L’autodichia, legge interna del Parlamento, non consente all’Autorità giudiziaria ordinaria di entrare in quei palazzi, perché la Costituzione ha imposto la separazione dei poteri.
Di conseguenza, la delibera fatta approvare dal Movimento 5 stelle in seno al Consiglio di Presidenza del Senato, ha resistito agli attacchi che i privilegiati le hanno mosso in sede giudiziaria: i magistrati ordinari hanno detto che non gli compete.
Tali privilegiati, tuttavia, non si sono rassegnati e hanno fatto ricorso alla Commissione Contenziosa del Senato, una specie di secondo grado di giudizio.
Tale Commissione è presieduta da Giacomo Caliendo, un senatore che deve valutare l’accoglimento dei ricorsi, di cui lui stesso parlamentare beneficerebbe in caso positivo. Il che evidenzia il conflitto d’interesse in quanto un giudice non può intervenire in una questione che lo riguarda.
I pentastellati hanno organizzato una manifestazione per il 15 febbraio davanti a Montecitorio, per sollecitare l’opinione pubblica a farsi sentire, con voce alta e chiara, contro chi vuole sfruttare l’autodichia per mantenere privilegi e tornaconti personali.
In questa vicenda, stupisce l’assordante silenzio di soggetti intermedi fra i cittadini e le istituzioni, quali sindacati, associazioni imprenditoriali e bancarie, partiti. Stupisce anche l’assenza della voce della Chiesa, che dovrebbe tutelare i più deboli e alzare i toni contro i prepotenti, quali appunto sono i detentori di questi privilegi arcaici.

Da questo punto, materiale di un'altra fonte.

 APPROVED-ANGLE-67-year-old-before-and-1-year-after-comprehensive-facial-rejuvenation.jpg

Non si sono sentite nemmeno le voci delle diverse associazioni: da quelle umanitarie e di servizio alle altre che rappresentano i consumatori, passando per quelle a difesa dell’ambiente.

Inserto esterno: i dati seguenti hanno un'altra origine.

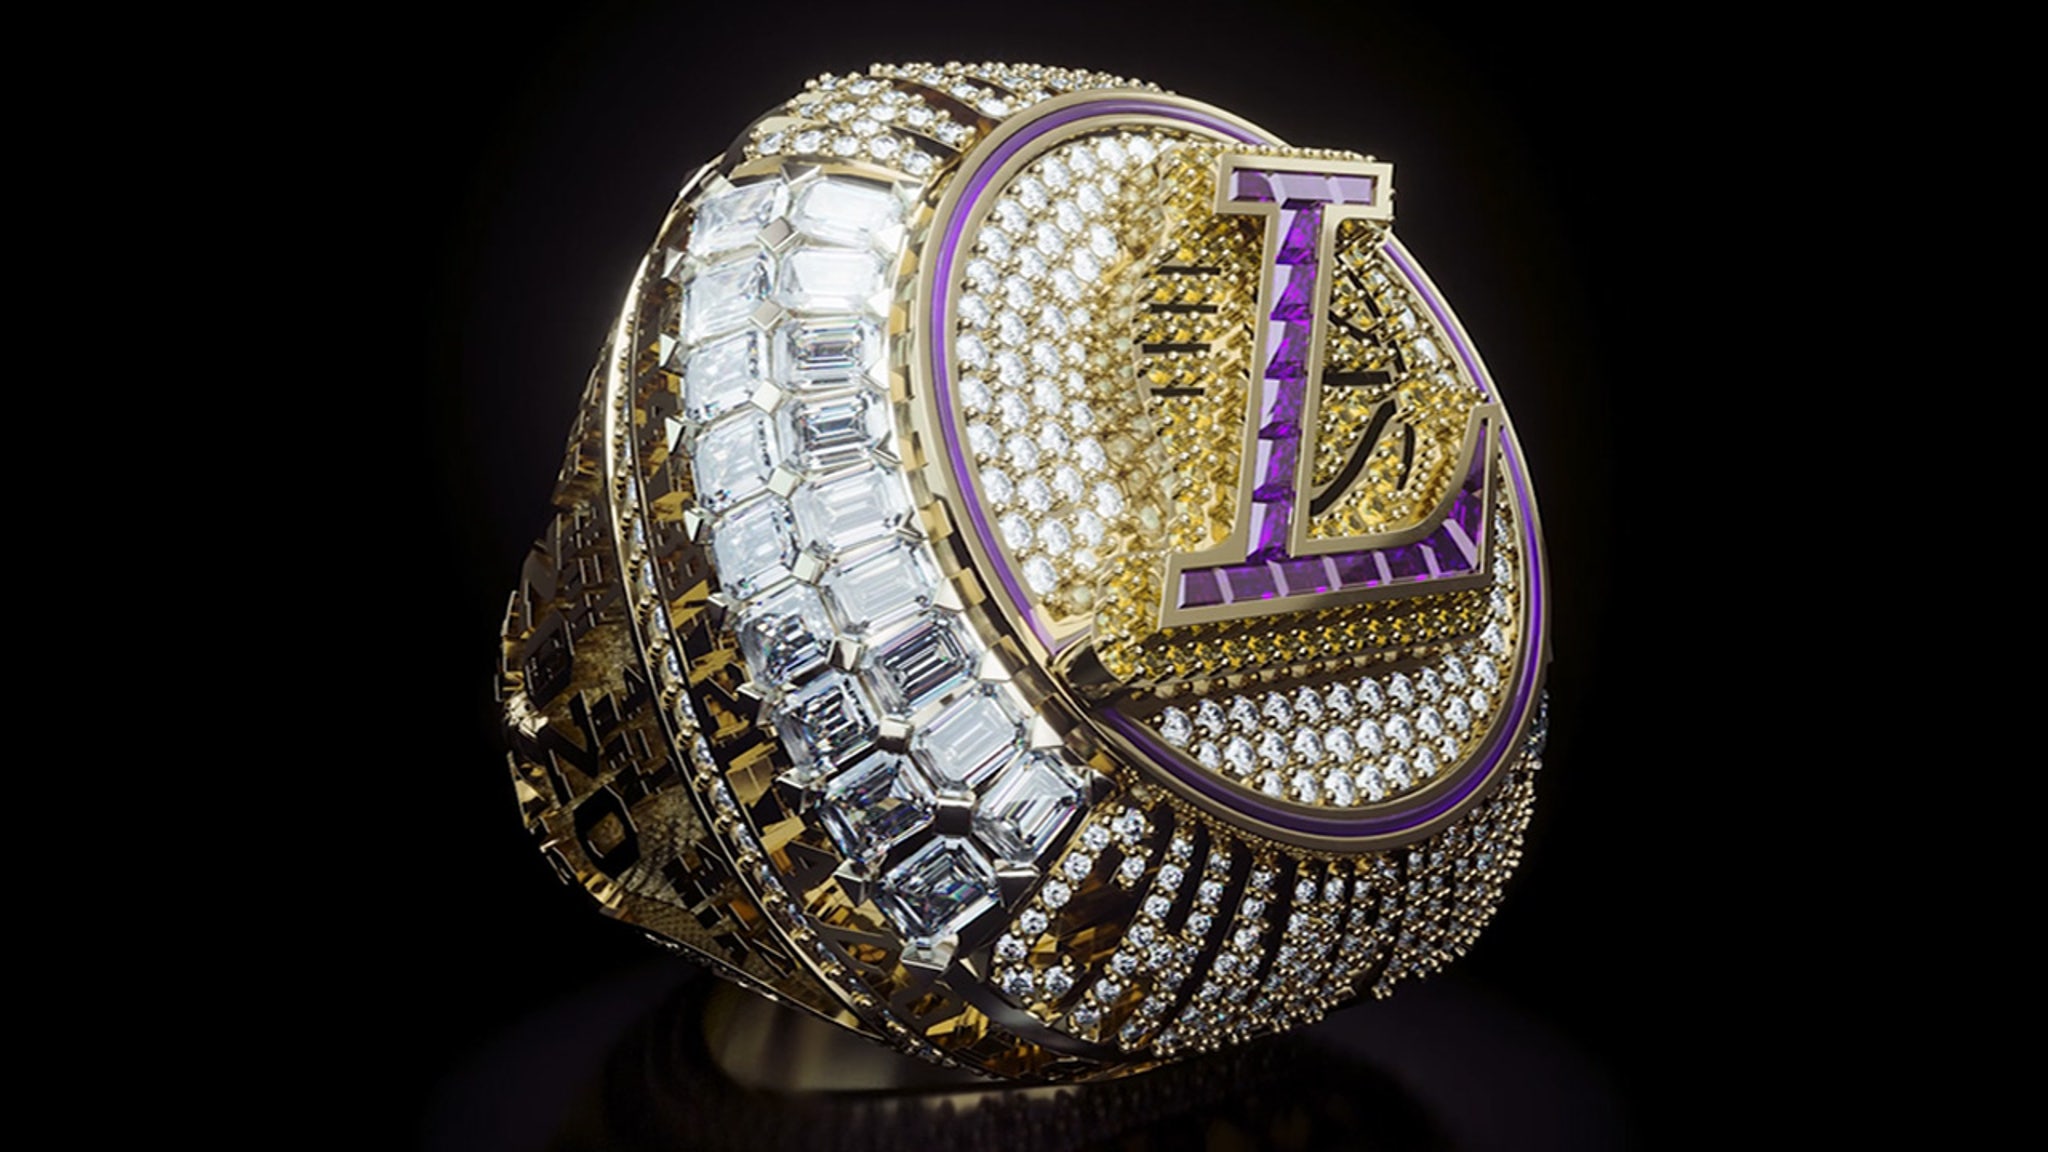 Everyone on Lakers deserves a championship ring, petitions be

Insomma, i pezzi più importanti della società tacciono di fronte a questo sconcio e di fronte all’impudenza di questi ex parlamentari che continuano a sfruttare lo Stato, cioè noi cittadini, senza mostrare alcuna vergogna o disdoro.
La questione etica dovrebbe governare i comportamenti degli uomini politici, soprattutto quando sono delegati ad amministrare le istituzioni. Non sappiamo se costoro hanno la dignità e la capacità di capire quando il limite della decenza è stato superato.
Mentre all’interno del Parlamento nessuno può intervenire, contro le leggi approvata nell’Assemblea regionale siciliana il Governo può farlo, impugnando le stesse e portandole avanti alla Corte Costituzionale, che è appunto il Tribunale delle leggi.
Cosa è successo all’Ars? Sotto la guida del suo presidente Gianfranco Micciché, anziché eliminare tutti i privilegi agli ex deputati regionali, l’Assemblea ha approvato una norma che fa una carezza agli stessi privilegi, di fatto rimasti inalterati.
Con questo comportamento, l’Assemblea regionale ha aperto una sorta di contenzioso con il Governo che potrebbe limitare il trasferimento di risorse alla Regione.
In ogni caso, si presume che la legge pro privilegi verrà cassata dalla Corte Costituzionale e l’Assemblea dovrà farne una nuova, questa volta in linea con quella del Parlamento nazionale.
Anche in questo caso non abbiamo sentito levarsi la voce, forte e chiara, di tutti quei pezzi intermedi della società che abbiamo prima elencato. Questo la dice lunga sulle connivenze e sull’intreccio di interessi che vi è fra i rappresentanti delle istituzioni e quelli di tali parti sociali. Non necessariamente interessi materiali. Anche solo interessi immateriali come favori, benefici, raccomandazioni e simili, i quali sono le palle al piede della crescita di una società in cui obiettività, giustizia, equità e ragionevolezza siano diffusi adeguatamente.
Così non è, e tutti, ma proprio tutti, ne facciamo le spese in termini di disuguaglianze, inquinamento ambientale, decrescita economica, elevata disoccupazione e via enumerando.
Coloro che governano il Paese e la Regione siciliana, in buona misura non possiedono adeguate competenze e quindi non sono in condizione di gestire gli altri. Peggio, non tutti possiedono quei valori etici che dovrebbero costituire la stella polare delle decisioni e dei relativi comportamenti.
Tutto questo fa regredire il Paese, la civiltà e i rapporti fra cittadini e istituzioni, che dovrebbero essere improntati a rispetto ed equità.